- Theatrical poster
- Hangul: 창밖은 겨울
- RR: Changbakkeun gyeoul
- MR: Ch'angbakkŭn kyŏul
- Directed by: Lee Sang-jin
- Screenplay by: Lee Sang-jin
- Produced by: Lee Sang-jin
- Starring: Kwak Min-gyu; Han Sun-hwa;
- Production companies: KiriKiri Film Jinjin Film Company
- Distributed by: M-Line Distribution Jinjin Film Company
- Release dates: May 2, 2021 (JIFF); November 24, 2022 (South Korea);
- Running time: 104 minutes
- Country: South Korea
- Language: Korean
- Box office: US$37,969

= When Winter Comes (2021 film) =

2021 South Korean romantic drama film

When Winter Comes is a 2021 South Korean independent romantic drama film written and directed by Lee Sang-jin, and starring Kwak Min-gyu and Han Sun-hwa.
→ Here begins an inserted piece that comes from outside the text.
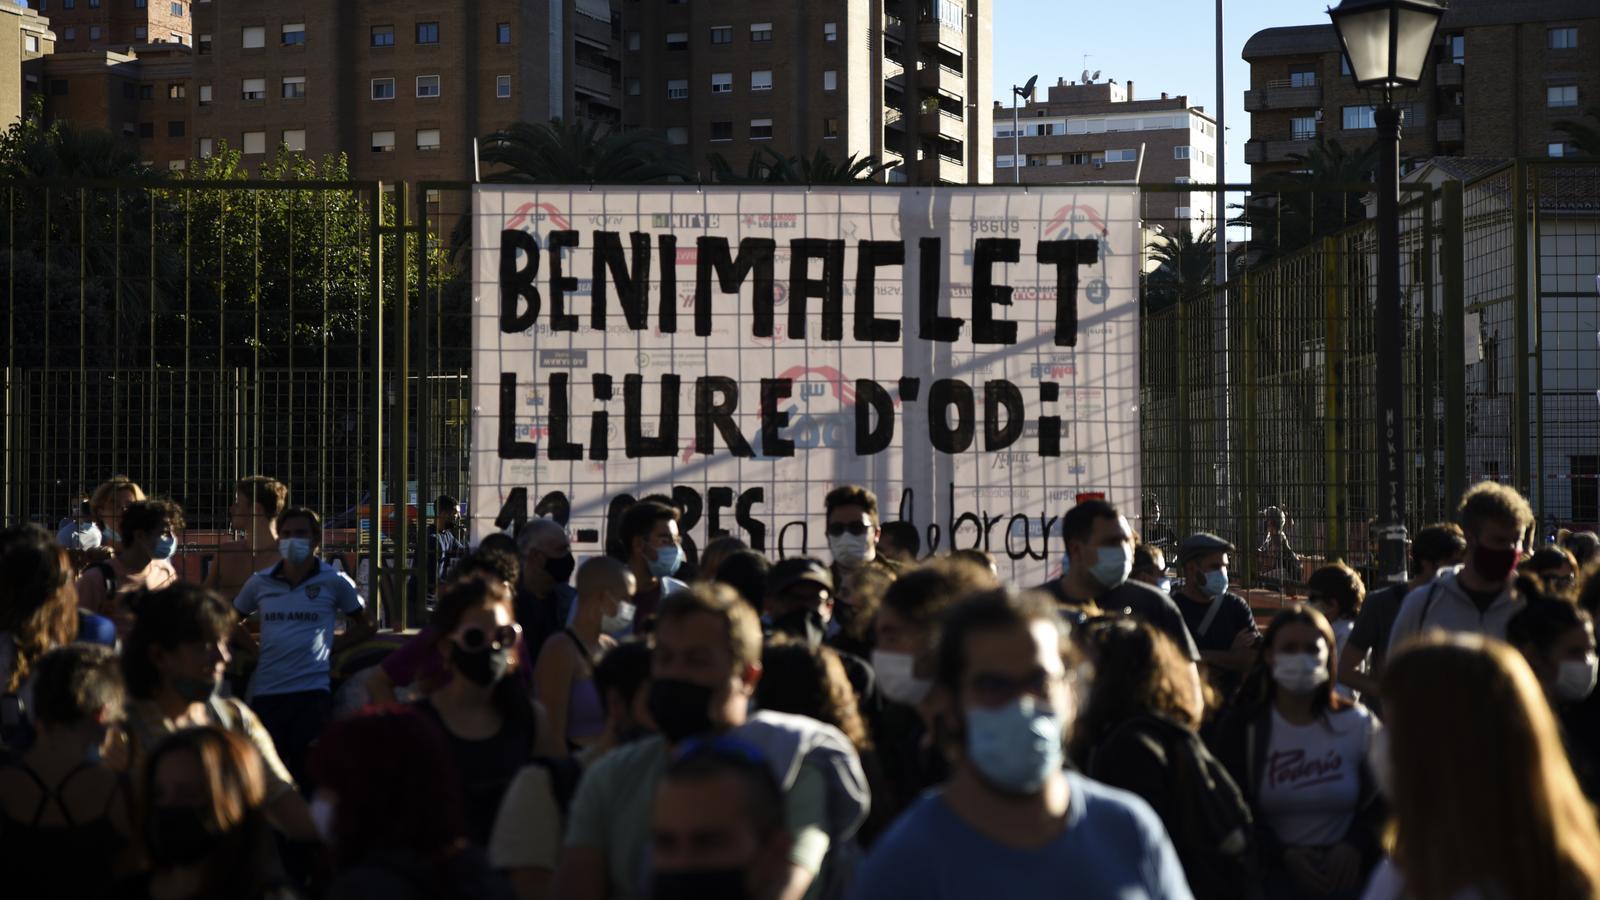 Alguns dels ciutadans que van participar en la mobilització veïnal contra una marxa de l'extrema dreta al barri de Benimaclet de València

The film had its world premiere at the 22nd Jeonju International Film Festival (JIFF) on May 2, 2021. It had its theatrical release on November 24, 2022.

==Plot==
Once a film director, Seok-woo (Kwak Min-gyu), who is now working as a bus driver in his hometown, lives a rather boring and monotonous daily life until one day he sees a woman who looks like his ex-girlfriend, Su-yeon, at the terminal. Then he finds a broken MP3 player left on her seat, and soon he starts to go around all the repair shops around the city. Young-ae (Han Sun-hwa), his coworker, getting curious about his sudden changes, shortly joins his journey to fix this small and old MP3 player.

==Cast==
- Kwak Min-gyu as Gong Seok-woo, a bus driver
- Han Sun-hwa as Yang Young-ae, a ticket sales and lost-and-found clerk
- Mok Gyu-ri as Su-yeon, Gong Seok-woo's ex-girlfriend
- Ahn Sang-jin
- Ahn Min-young
- Son Seong-chan
- Lee Jung-bi
- Yang Ji-woong
- Choi Hee-jin

==Release==
===Film festivals===
On May 2, 2021, the film had its world premiere at the 22nd Jeonju International Film Festival: JIFF in the Korean Cinema section.

In 2021, the film was also invited for screening at the Jeonbuk Independent Film Festival in the Feature Film Competition section.

===Theatrical release===
It was released theatrically on November 24, 2022, in South Korea.

==Box Office==
The film was released on 55 screens on November 24, 2022.

According to the Korean Box Office Information System (KOBIS), as of August 13, 2025, the film's total gross is US$37,969 from 7,267 admissions.